A forte redução populacional na primeira metade do século passado foi provocada principalmente por doenças transmitidas por não indígenas, como gripe e varíola, contra as quais os Tapirapé não tinham anticorpos. A situação depois foi agravada por um ataque dos índios Kayapó, então seus inimigos.

O papel das freiras para a recuperação desse povo lhes rendeu a alcunharealsbet saque"parteiras dos Tapirapé", criada pelo teólogo Leonardo Boff. Elas atuaram primeiro no tratamento das doenças, mas depois também no fortalecimento cultural do grupo e na recuperaçãorealsbet saqueseu território tradicional.

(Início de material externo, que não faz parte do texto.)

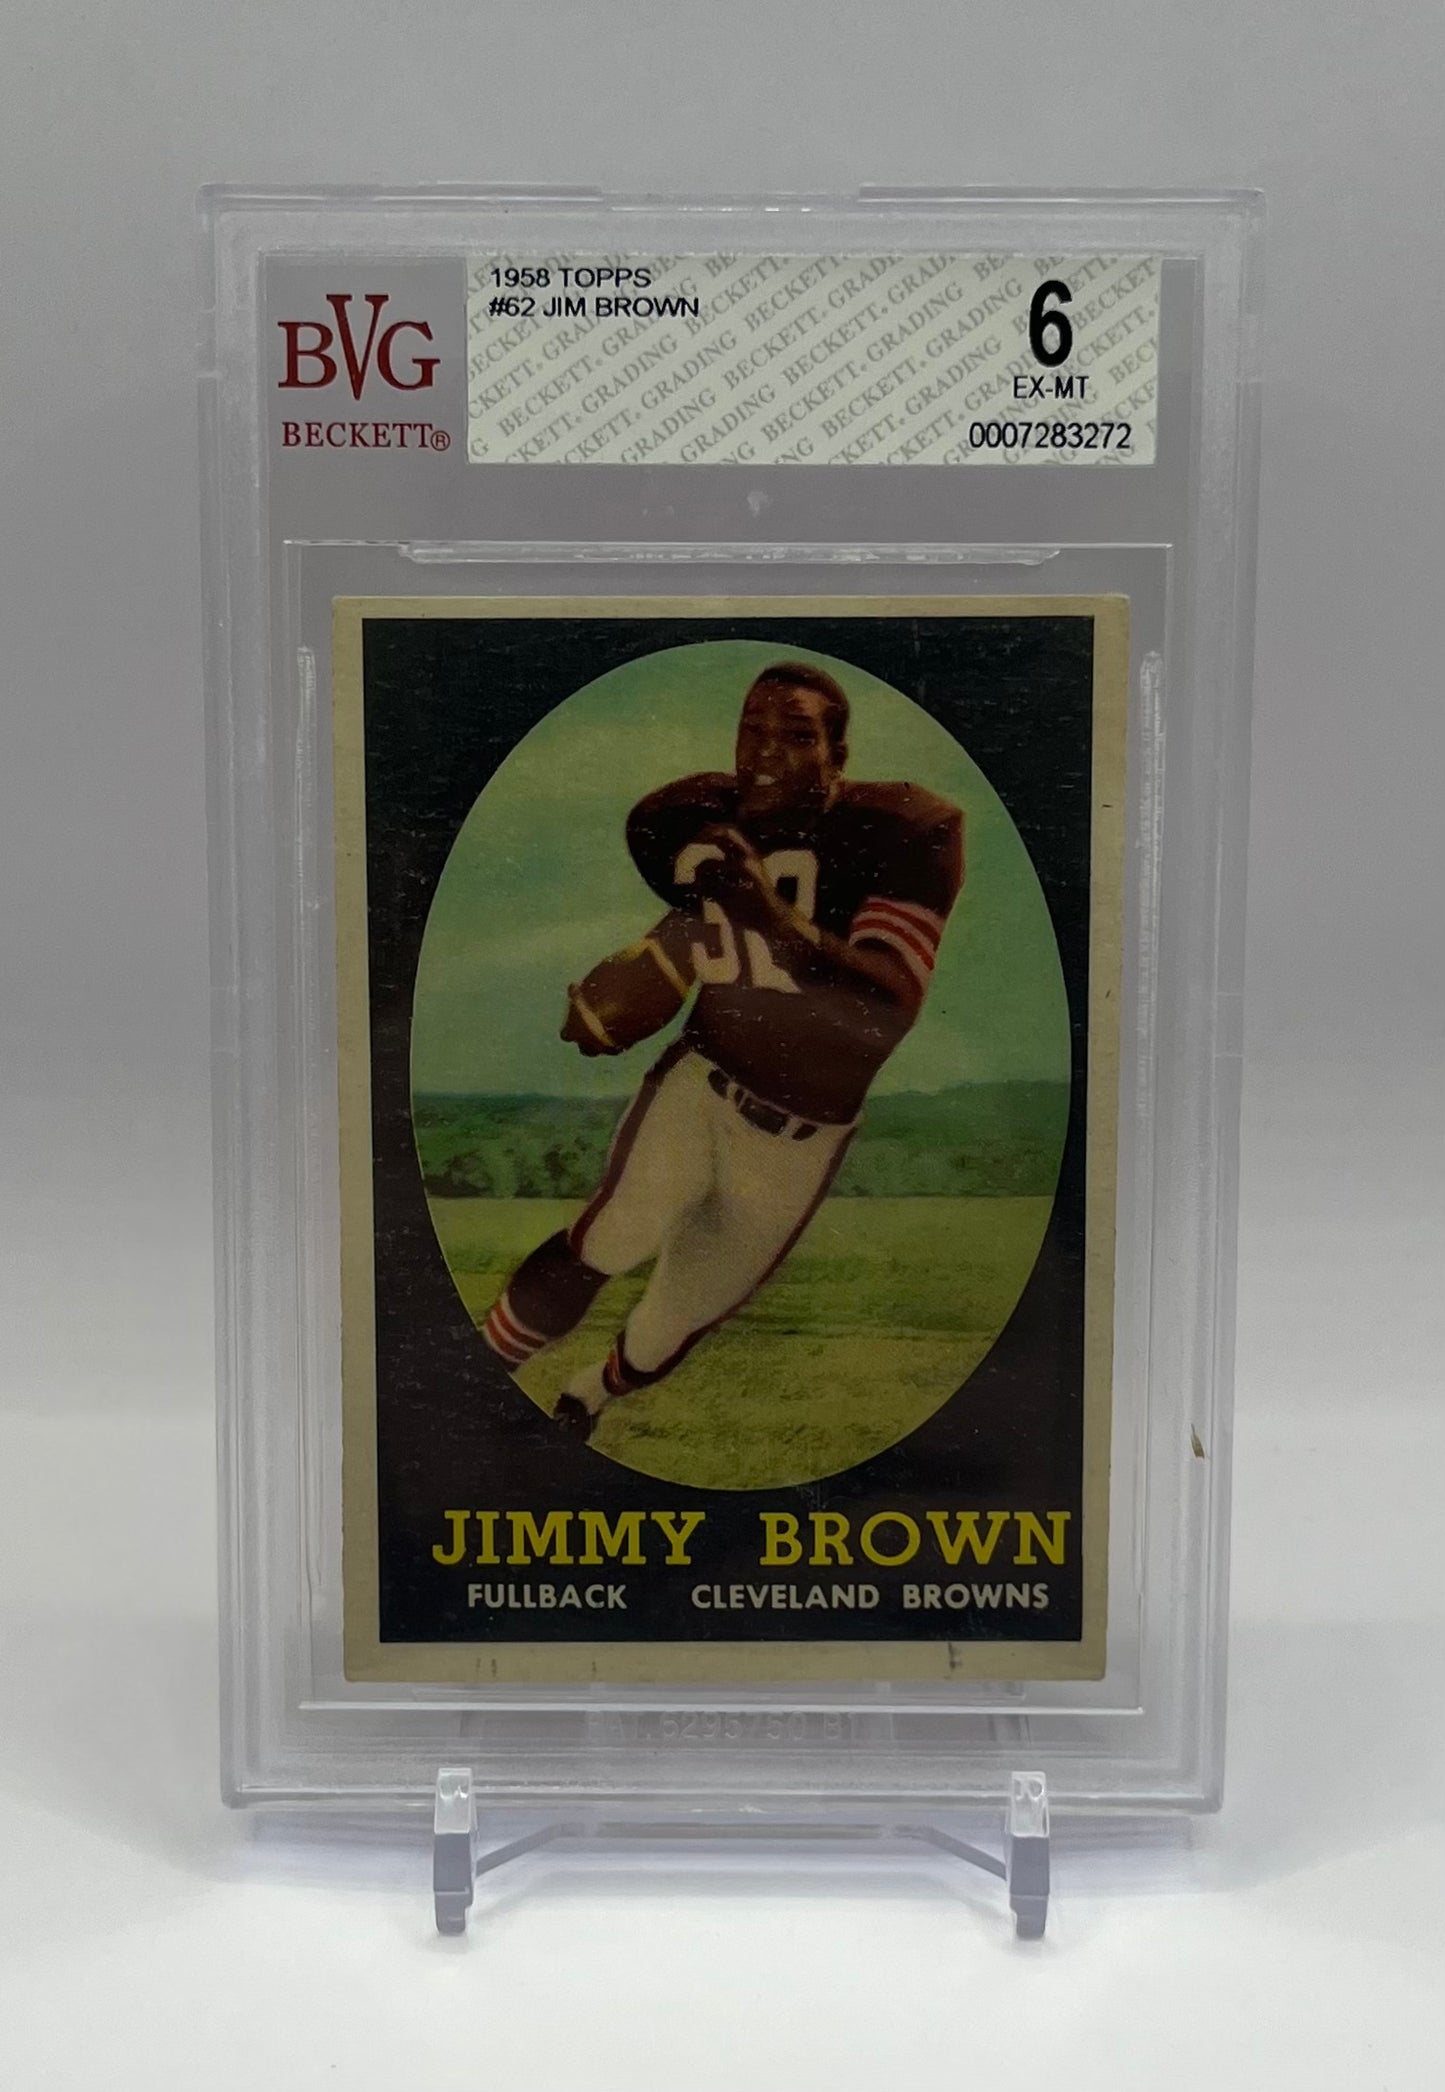 1958 #62 JIM BROWN TOPPS - BECKETT 6 EX-MT

Seu sucesso veiorealsbet saqueuma fórmula novarealsbet saque"evangelização": ao invésrealsbet saquecatequizar os indígenas, elas se integraram ao seu modorealsbet saquevida e buscaram elas mesmas serem Apyãwa. As religiosas viviamrealsbet saquecasas semelhantes às dos indígenas, plantavam e comiam como eles e chegaram a participarrealsbet saquealguns rituais. A forma como Veva foi enterrada, na tradição tapirapé, sintetiza o espírito dessa relação, conta o cacique geral Warei Elber Tapirapé.

"O povo Tapirapé sabe muito bem como elas trabalharam: respeitaram nossa cultura, nossa maneirarealsbet saqueconviver entre nós e com a natureza. E a gente também foi apoiando elas. Essa relação foirealsbet saqueharmonia", resumiu elerealsbet saqueconversa com a BBC News Brasilrealsbet saqueabril, durante o último acampamento Terra Livre (encontro anualrealsbet saquepovos indígenasrealsbet saqueBrasília).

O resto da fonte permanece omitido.